_Source material_:
━━━

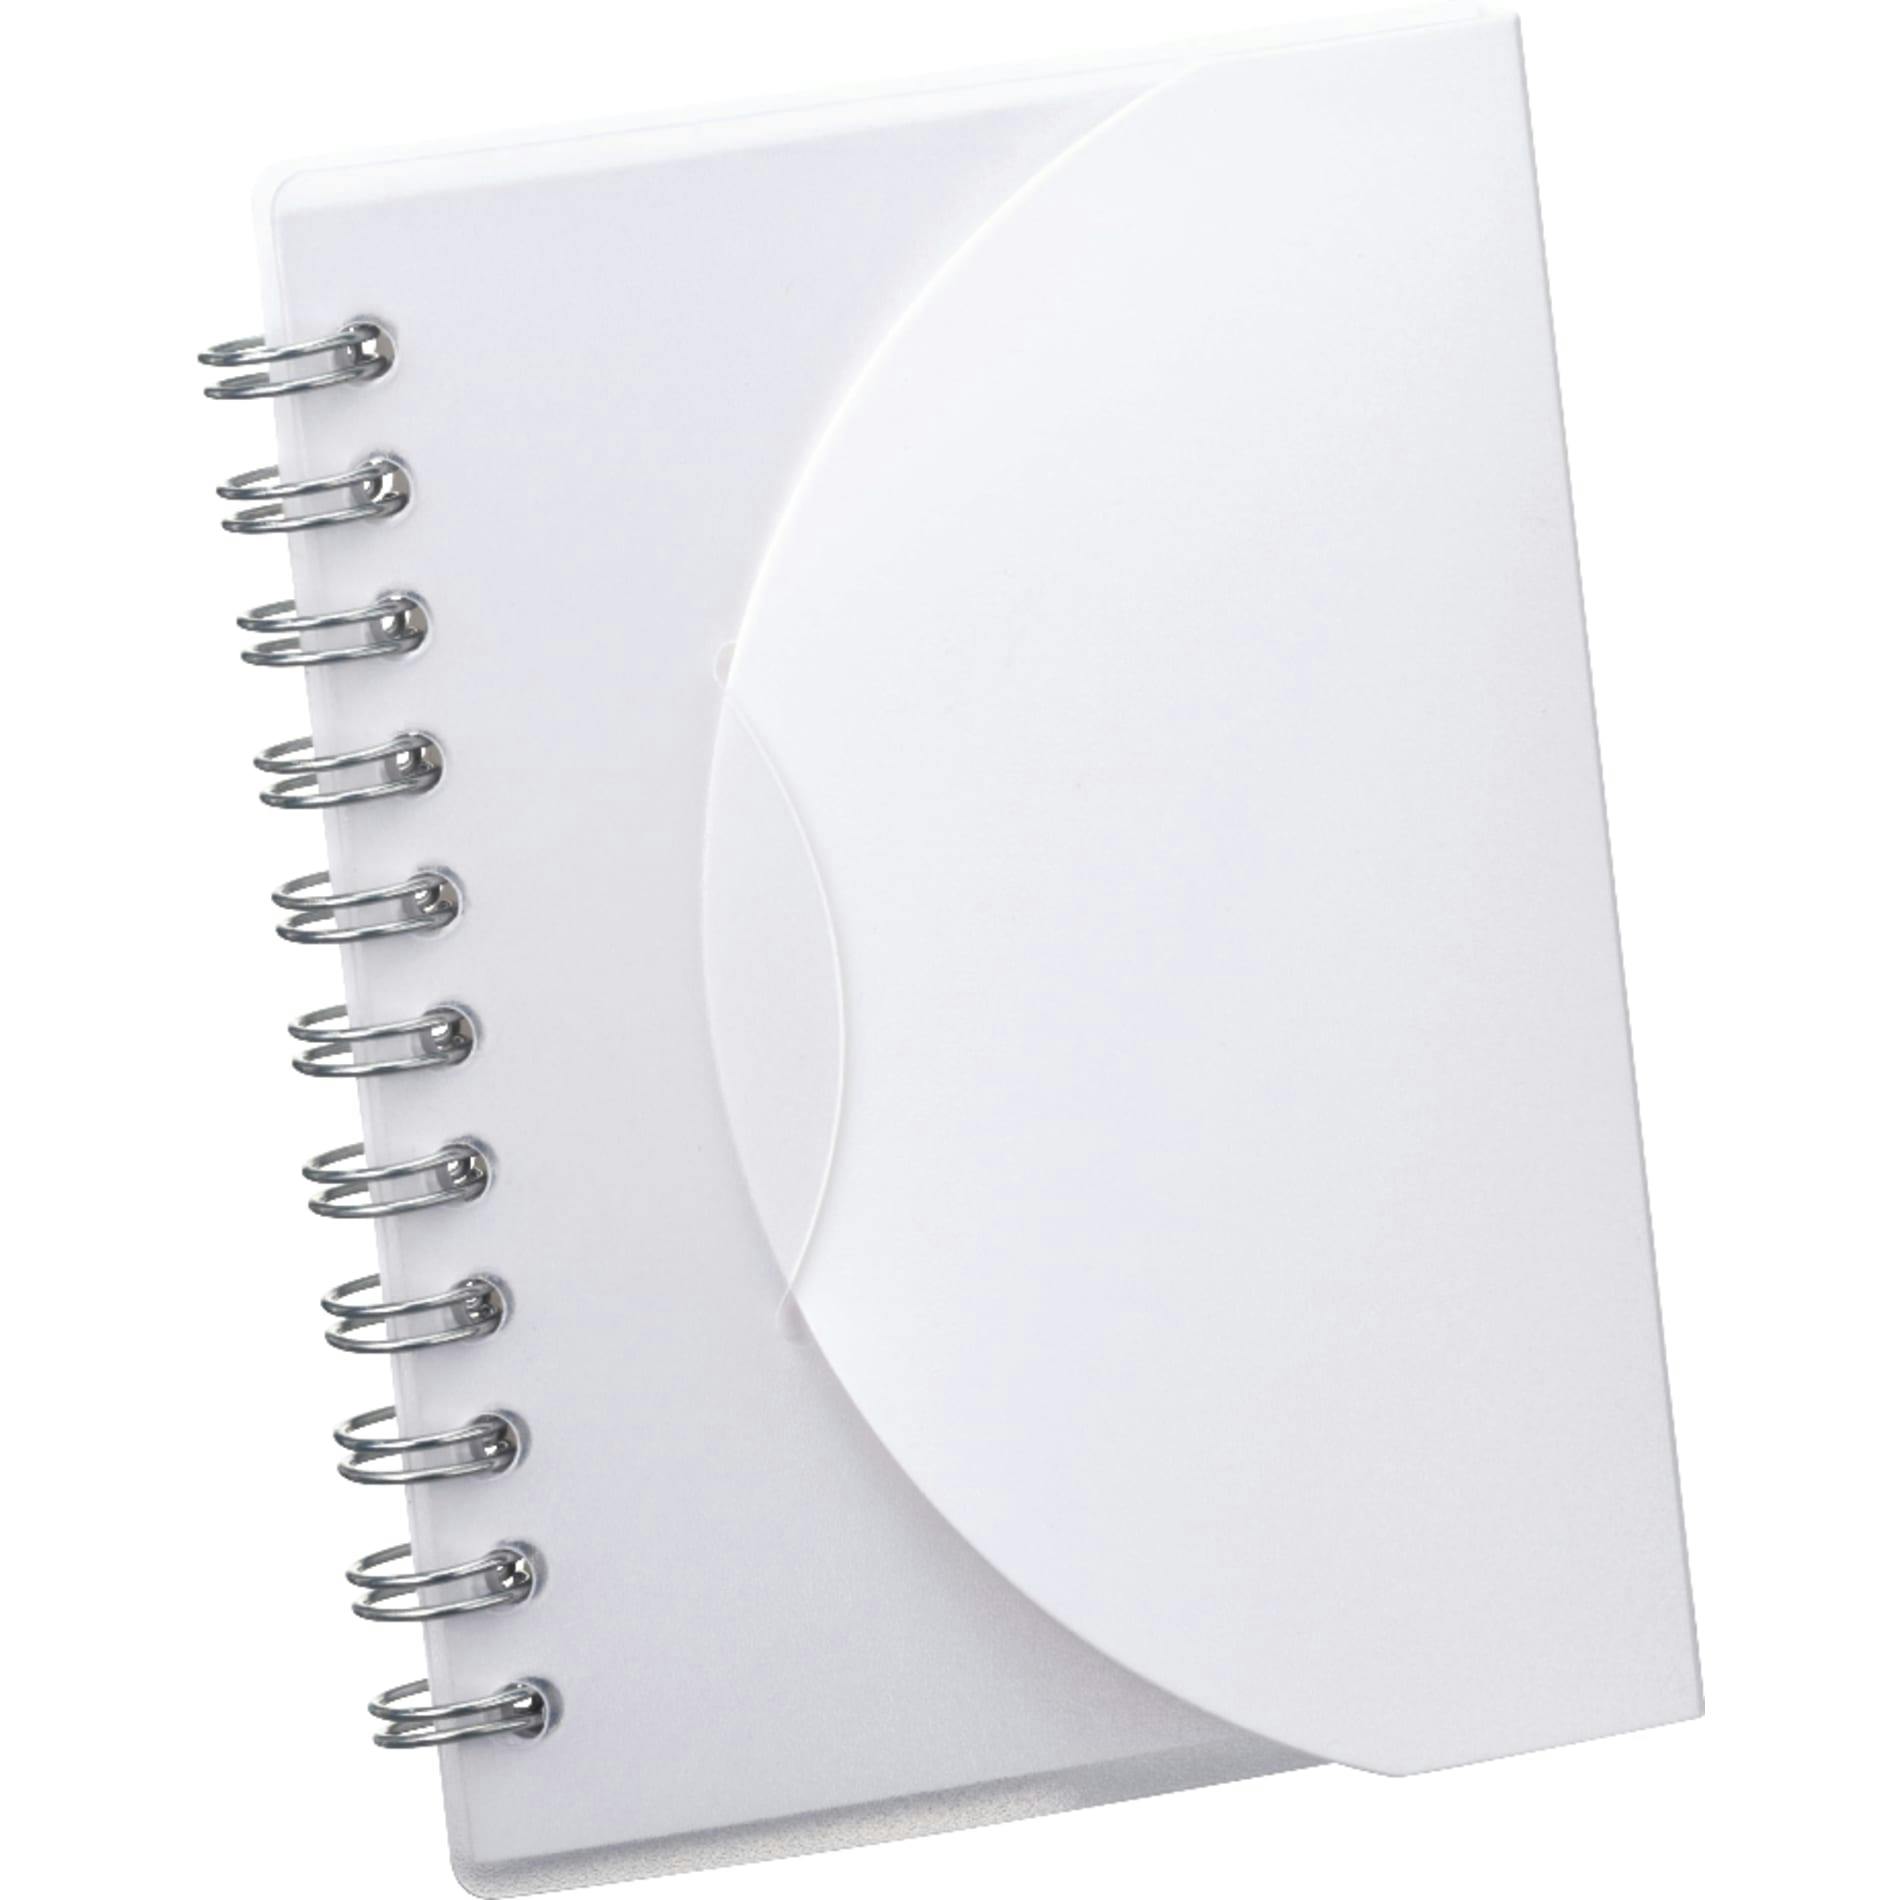 3" x 4.5" Post Spiral Notebook - additional Image 3
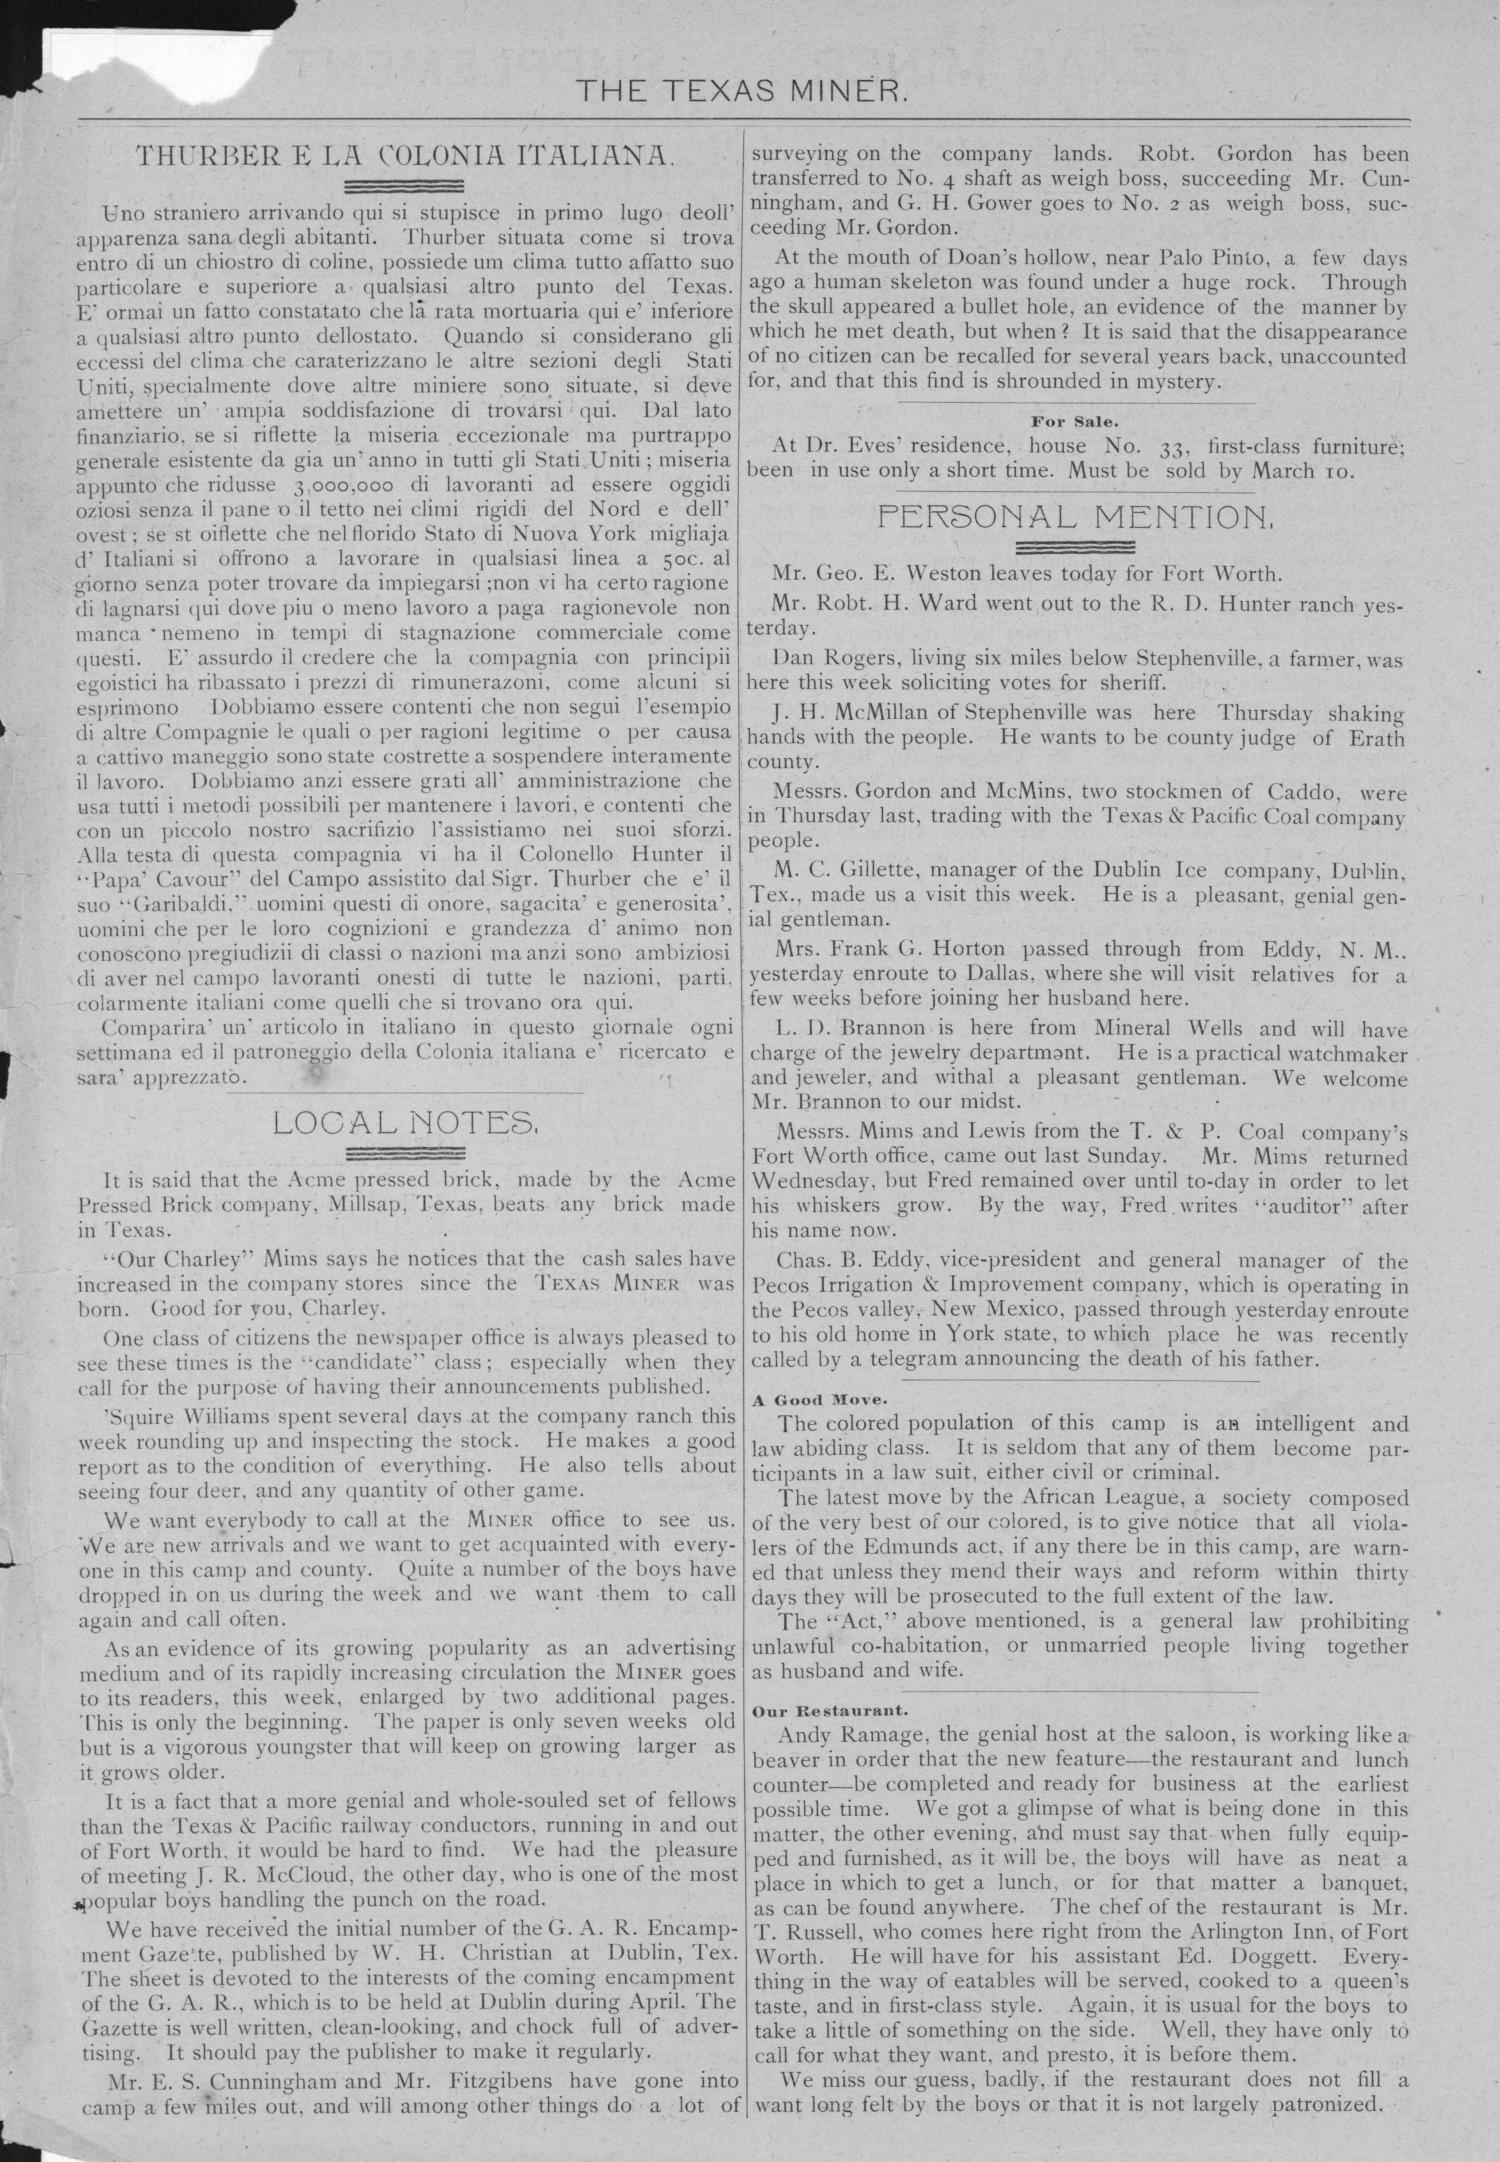 The Texas Miner, Volume 1, Number 7, March 3, 1894
                                                
                                                    None

━━━

_Activity_: In the reply, each line of the data must appear exactly as written, and no picture may appear.

_Output below_:
 3" x 4.5" Post Spiral Notebook - additional Image 3
 The Texas Miner, Volume 1, Number 7, March 3, 1894
                                                
                                                    None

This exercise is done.